On that basis, we have introduced some changes that make our proposal somewhat different.

Its main value is the preparation of the ingredients.

This restaurant, Restaurante Coscolo, is explaining how its eponymously named Cocido Coscolo is its version of cocido maragato. The word I’m focusing on is propuesta which I’ve seen on numerous menus and Google has always translated it as ‘proposal’.  In other encounters with this word ‘proposal’ made some sense in the context it is used but never seemed quite right, to me, as the translation. Dictionaries go further with these literal translations: ‘offer’ or ‘design’, or ‘nomination’ (in the sense of proposal of a candidate).  While the ‘nomination’, according to the dictionary would clearly apply to a person for a job/office, not a particular preparation, it nonetheless fits. Along with the idea of ‘offer’ or ‘design’. I’d use the translation, ‘take’, as in the phrase “our take on the traditional xxx is yyy”.

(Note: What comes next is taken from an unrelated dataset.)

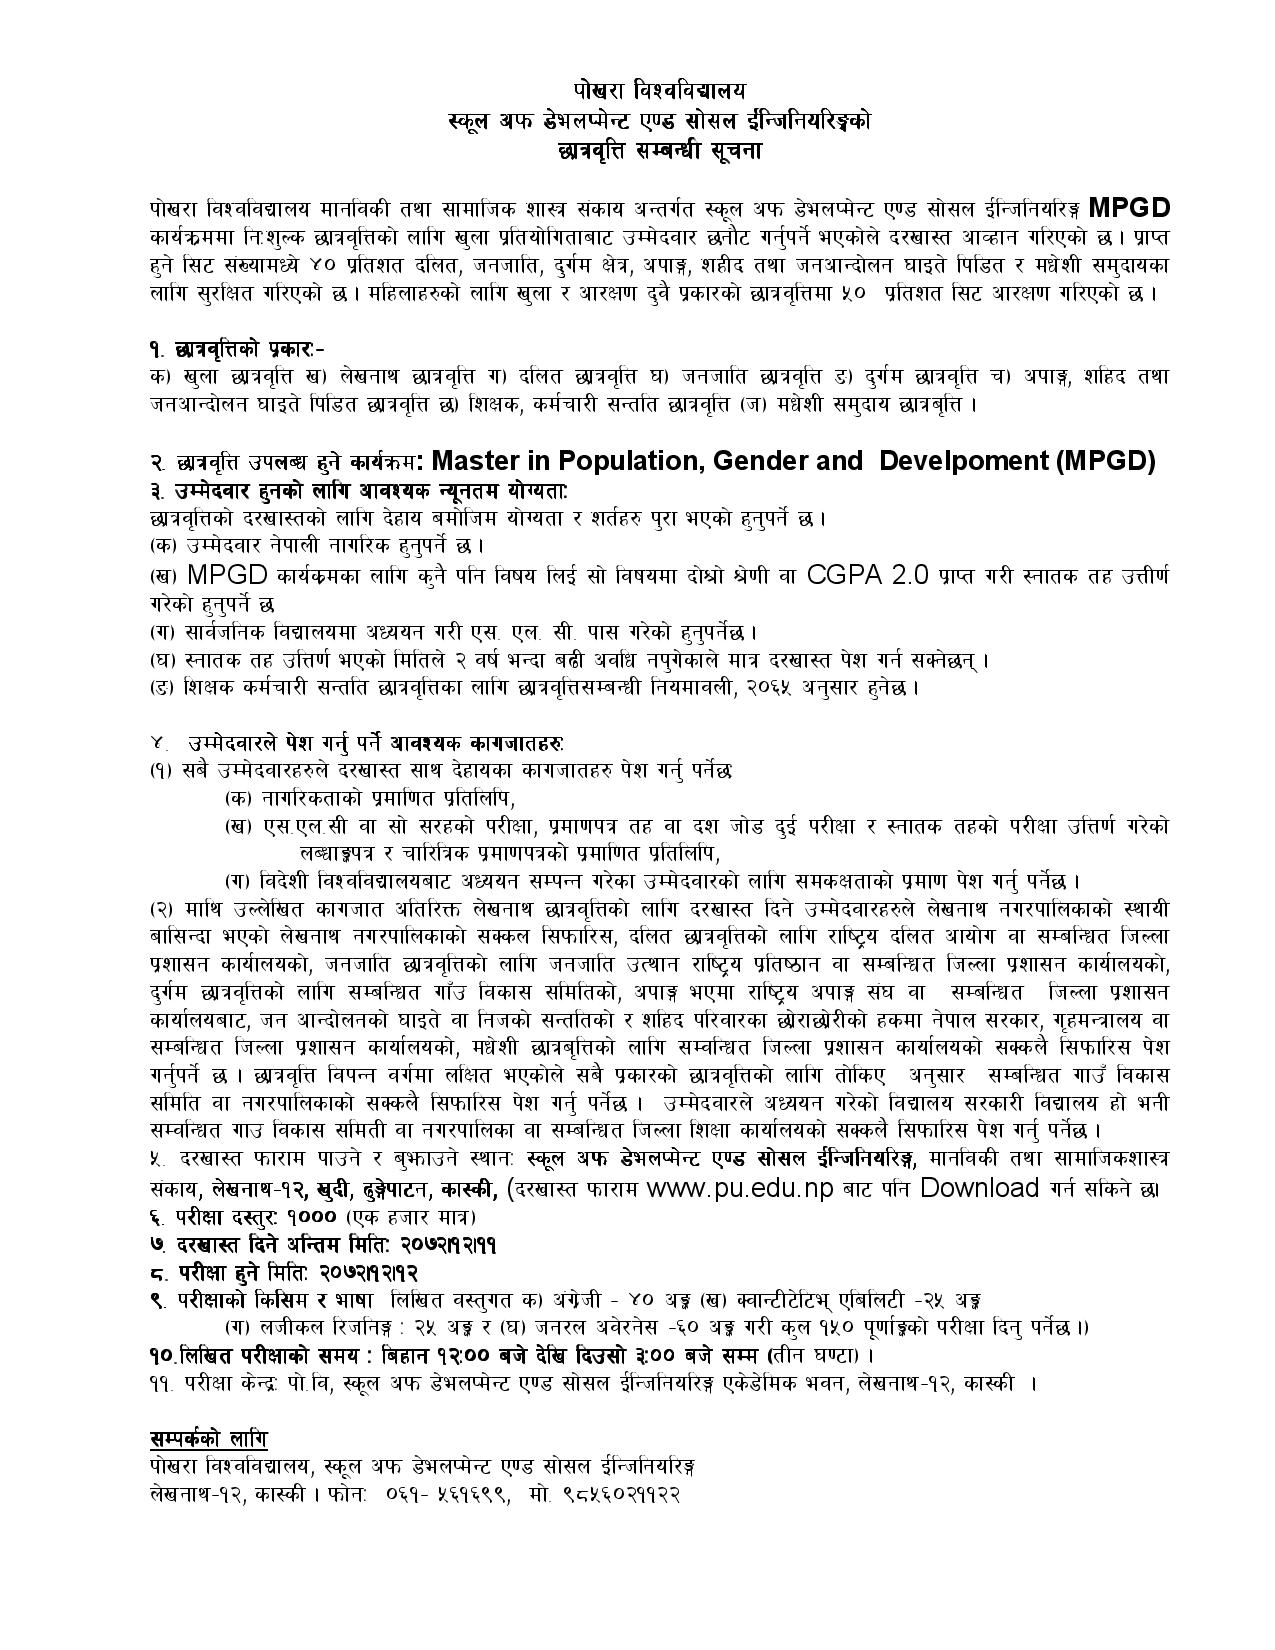 Scholarship Notice MPGD 2016
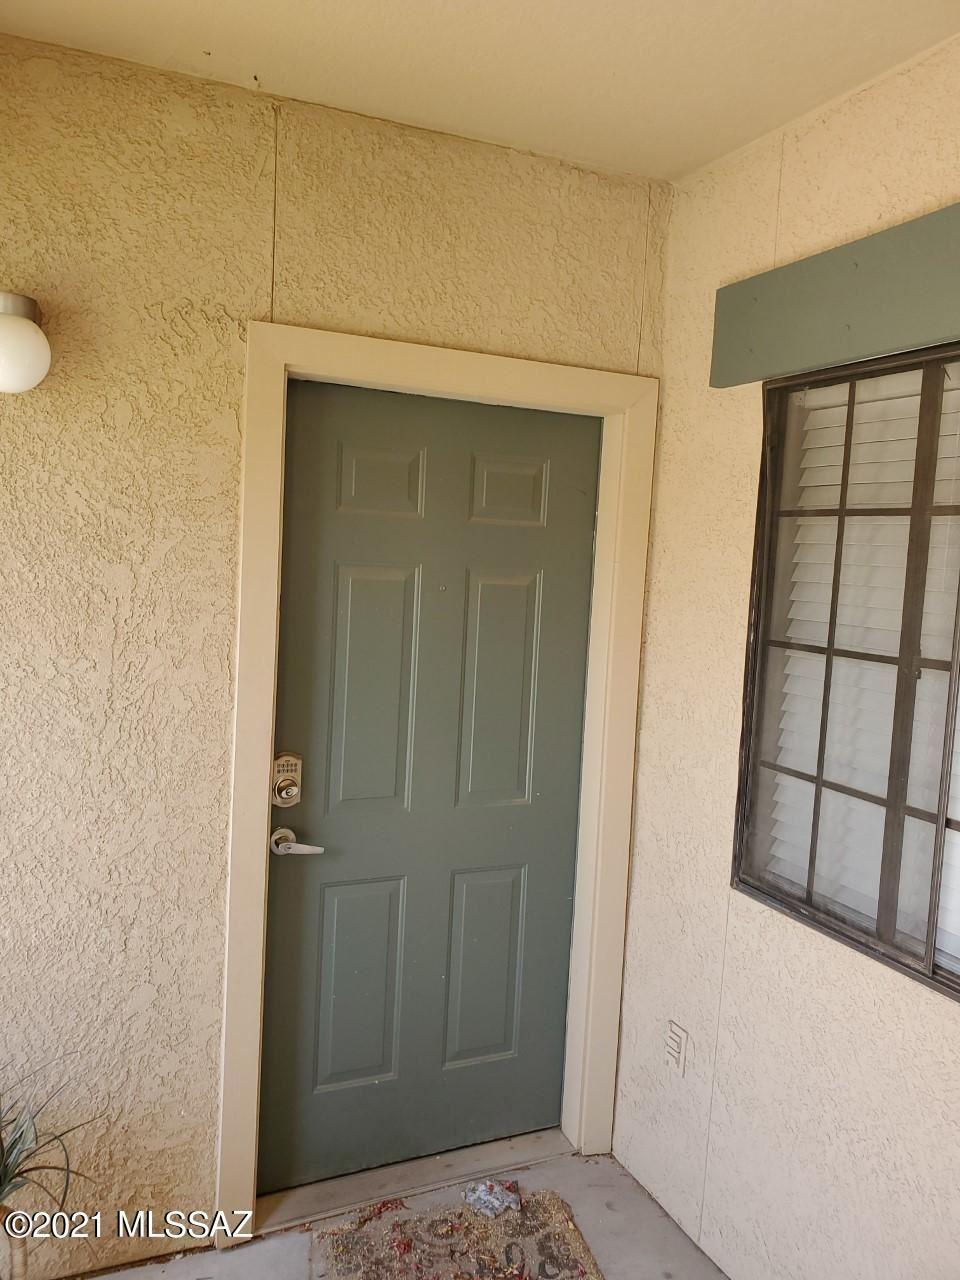 101 S Players Club Drive #21103, Tucson, AZ 85745 - MLS#: 22117770

But this would be clumsy to have to explain this rather than just use ‘take’ as translation (which certainly wouldn’t fit other contexts). And this will be a challenge for the app I intend to build and suggests that one feature of the app has to be the ability to put a single word in the translation but touching that word would bring up a popup dialogue with a longer explanation to provide the context that is too verbose to include directly in the translation. So analyzing this menu and word provides insight to a UI feature I should include.

I had more about this whole area and other restaurants and this meal but this is all I can reconstruct in a reasonable time. You’ll just have to do your own research if you want more.